User interfaces for handheld devices and other devices that utilize a small form factor for a data keypad or touch pad interface are becoming more and more prominent in the electronics marketplace. The small form factor associated with the keypad or touch pad interface has resulted in a user interface where multiple functions are associated with each key of the keypad or touch pad interface. Each key is typically assigned multiple entry modes and multiple character possibilities for each entry mode. For example, FIG. 1 illustrates an exemplary input key for such a user interface. As can be seen from FIG. 1, input key 102 may be used to enter two different modes of characters. Both alpha-mode and numeric-mode characters may be entered with input key 102. For the alpha mode, three alpha characters, the letters “a,” “b,” and “c,” may be entered. For the numeric mode data entry, the numeral “2” may be entered. As user interfaces that use smaller form factors for data entry become denser through the provisioning of more user modes, the number of modes and character availability will also increase.

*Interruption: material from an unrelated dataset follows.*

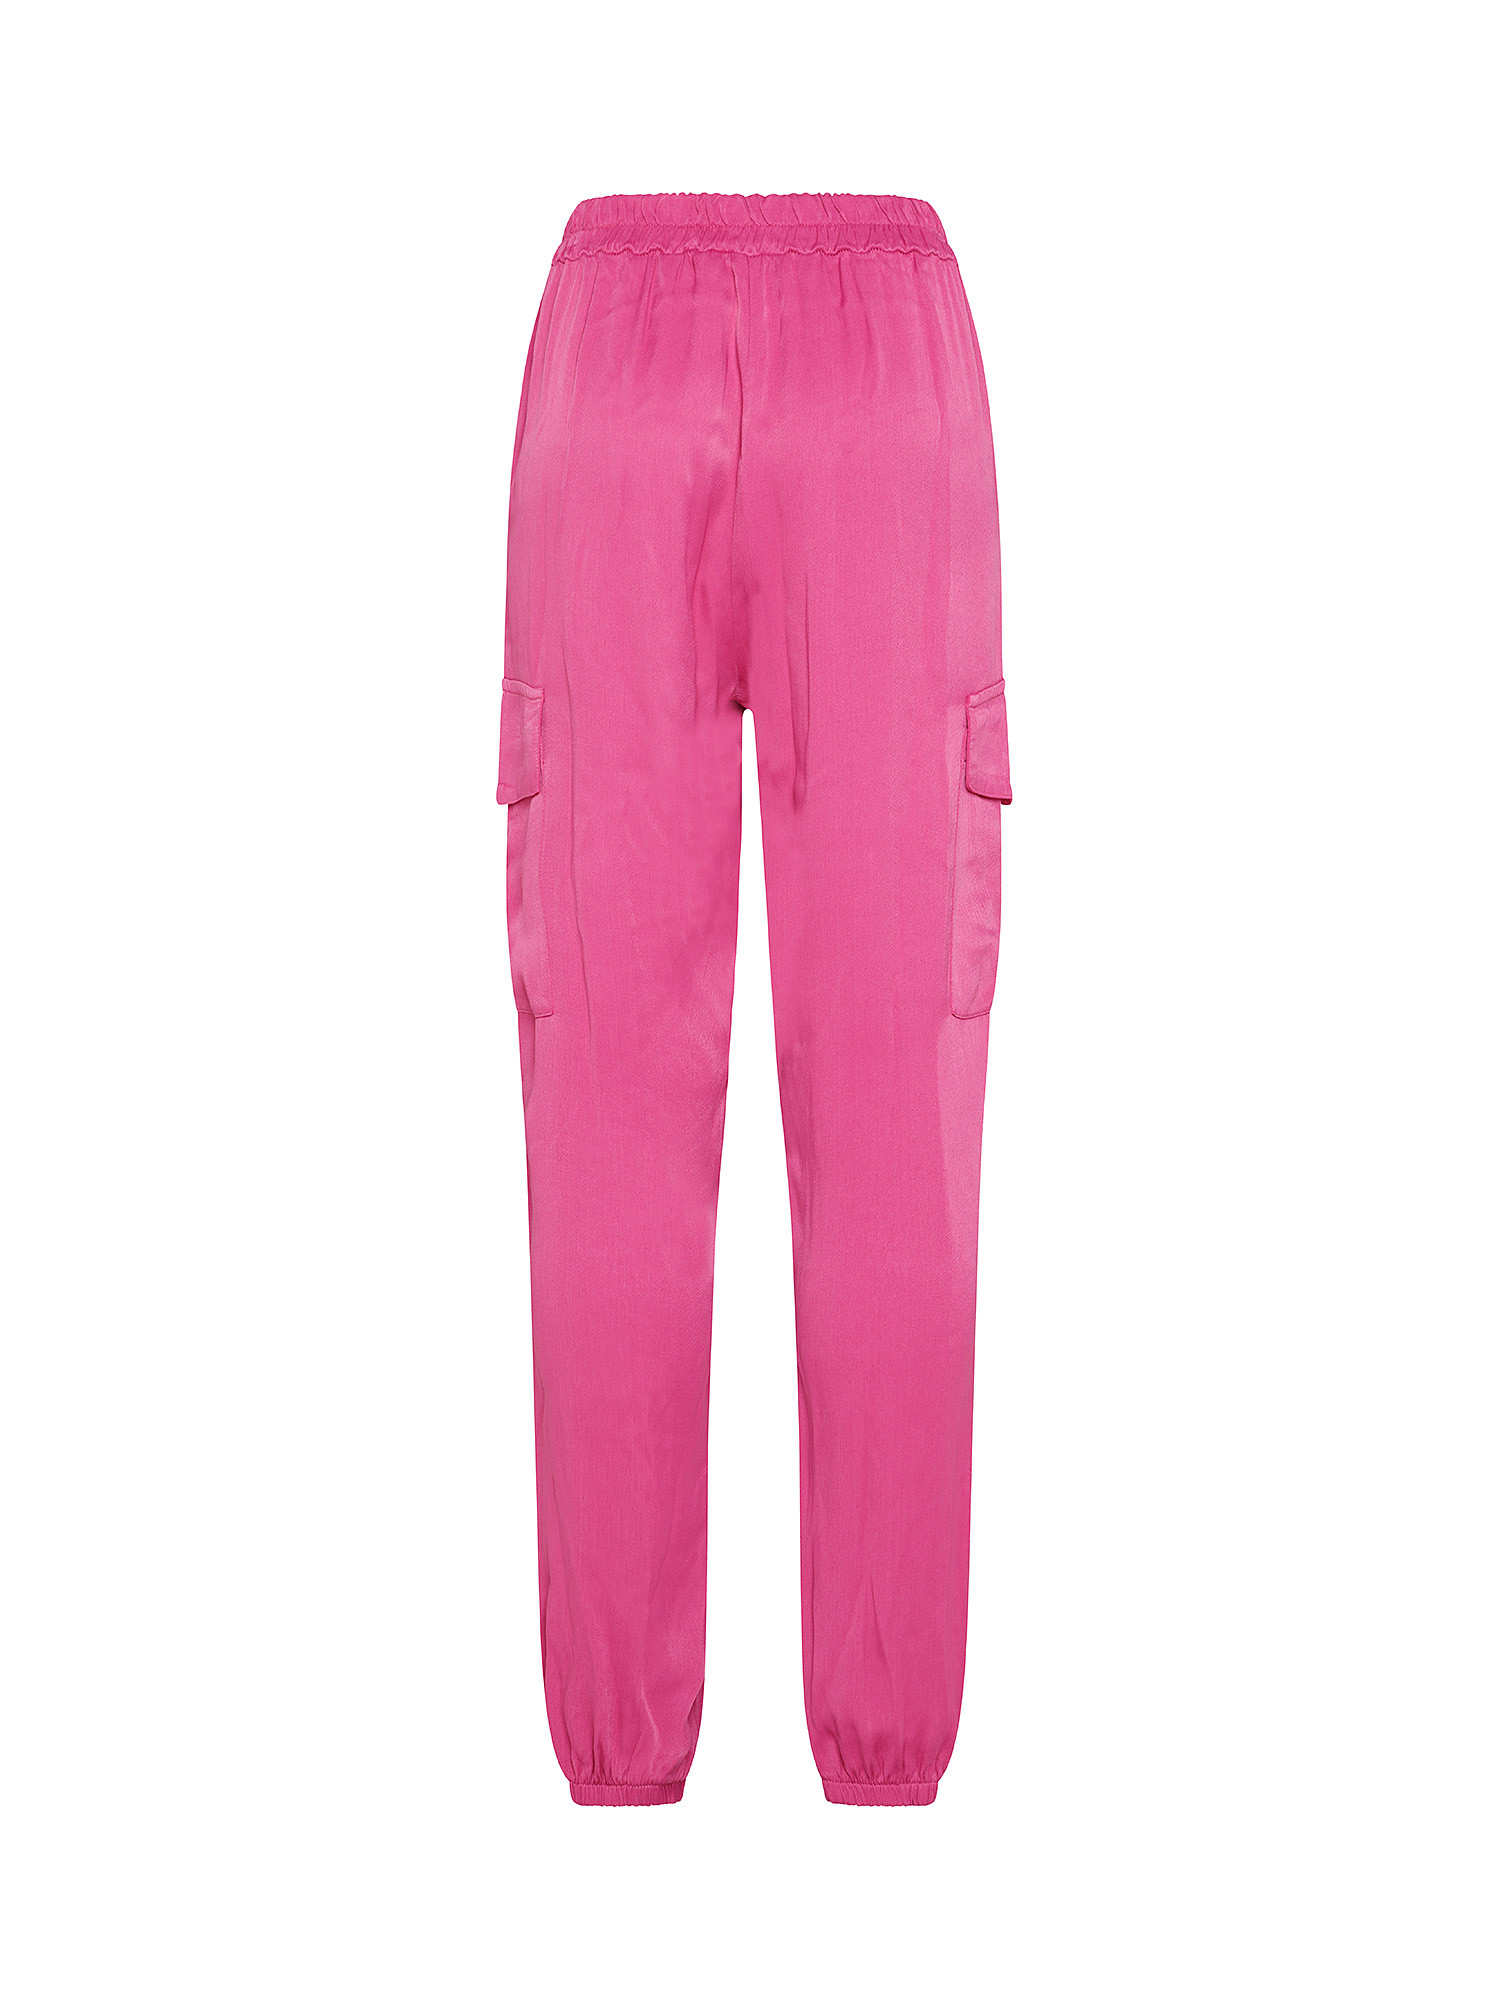 Cargo trousers, Pink Fuchsia, large image number 1

Unfortunately, traditional multi-function keys associated with these small form factor devices require multiple key presses to iterate through the available characters for each mode of data entry. These “multi-tap” keys require a user to press and release an input key, such as input key 102, for each character selection. Further, when a user wishes to enter multiple characters associated with the same input key 102, the user must wait a specified, and usually lengthy, debounce period between each sequential depression of input key 102. This debounce period is typically long enough to allow a user to depress and release the multi-tap keys without accepting a new character input for each depression of input key 102 so that the user may repeatedly tap the input key to iterate through the character choices. Unfortunately, this debounce period is often so long that when a user wishes to enter multiple characters associated with the same multi-tap key, the user must wait the entire debounce period in order to preserve a character selection. If the user does not wait long enough and presses the key again, the user interface cycles to the next character in the sequence instead of preserving the last character entered. The user then has to iterate through all available characters again in order to select the desired character for the current position in the input sequence. The user must then wait another debounce period before depressing the multi-tap key again in order to begin entry for the next character in the input character sequence. This proves to be a burdensome arrangement often frustrating character entry.

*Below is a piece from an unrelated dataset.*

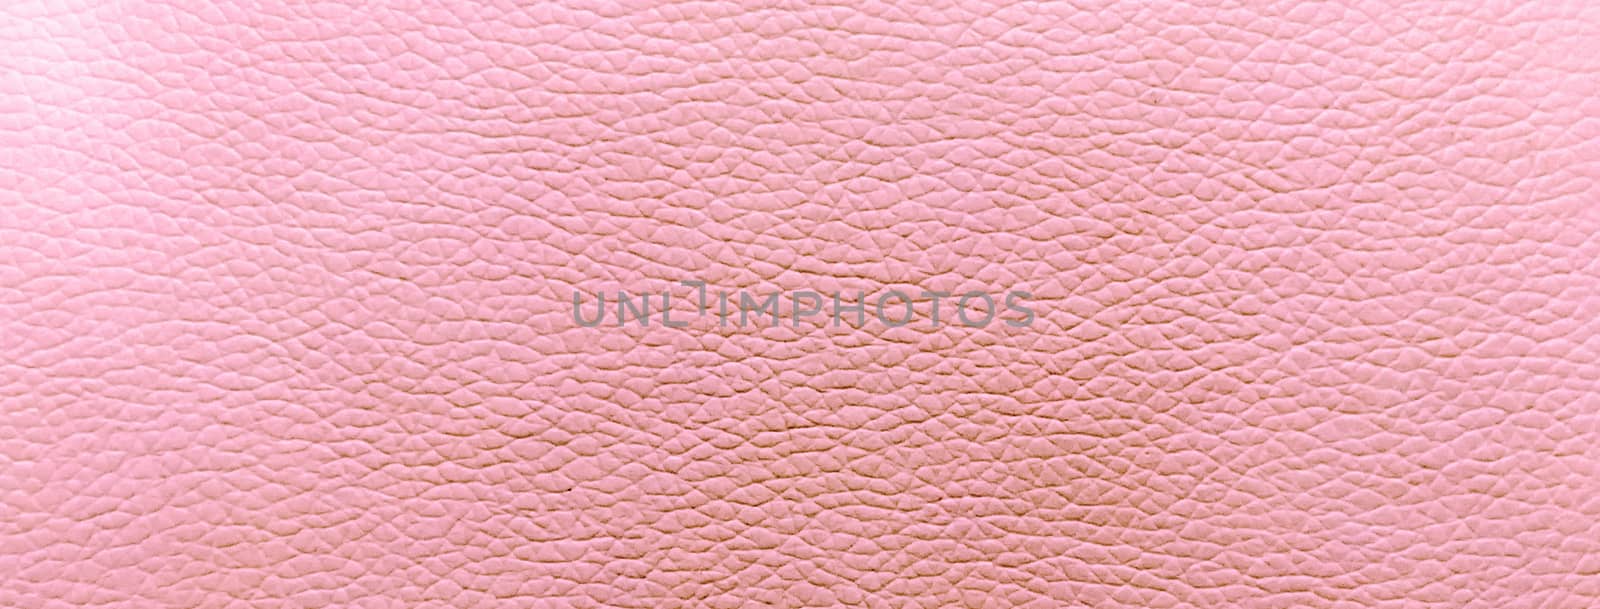 Pink leather texture, may be used as  background

Some interfaces allow the user to press and hold a key to alternate between alpha entry modes and numeric entry modes. This is unsatisfactory because it still requires the user to enter a multi-tap input mode in order to iterate through the available characters for a given mode of input.
Predictive text entry uses a dictionary lookup feature coupled with a multi-tap character selection. Predictive text entry has become popular but is plagued by user confusion as users attempt to determine when to deviate from multi-tap entry mode and search a dictionary for the correct word based upon a few characters entered. Though training the devices may be possible, words that users enter in the dictionary still may only be accessible when the user transitions from a multi-tap entry mode to a dictionary lookup mode. This transition from a multi-tap entry mode to a dictionary lookup mode tends to break a user's train of thought and slows the data entry. Likewise, as word databases grow, users will have more selections to choose from within the dictionary and may be burdened with a longer lookup time than an alternative data entry time.
Because of the problems described above, traditional systems for multi-function keypad entry are complex and force a user to conform to limitations of the user interface. Accordingly, in light of these difficulties associated with conventional multi-character multi-mode data entry, there exists a need for improved methods, systems, and computer program products for iteratively providing feedback via a user interface for multi-character, multi-mode alphanumeric data entry.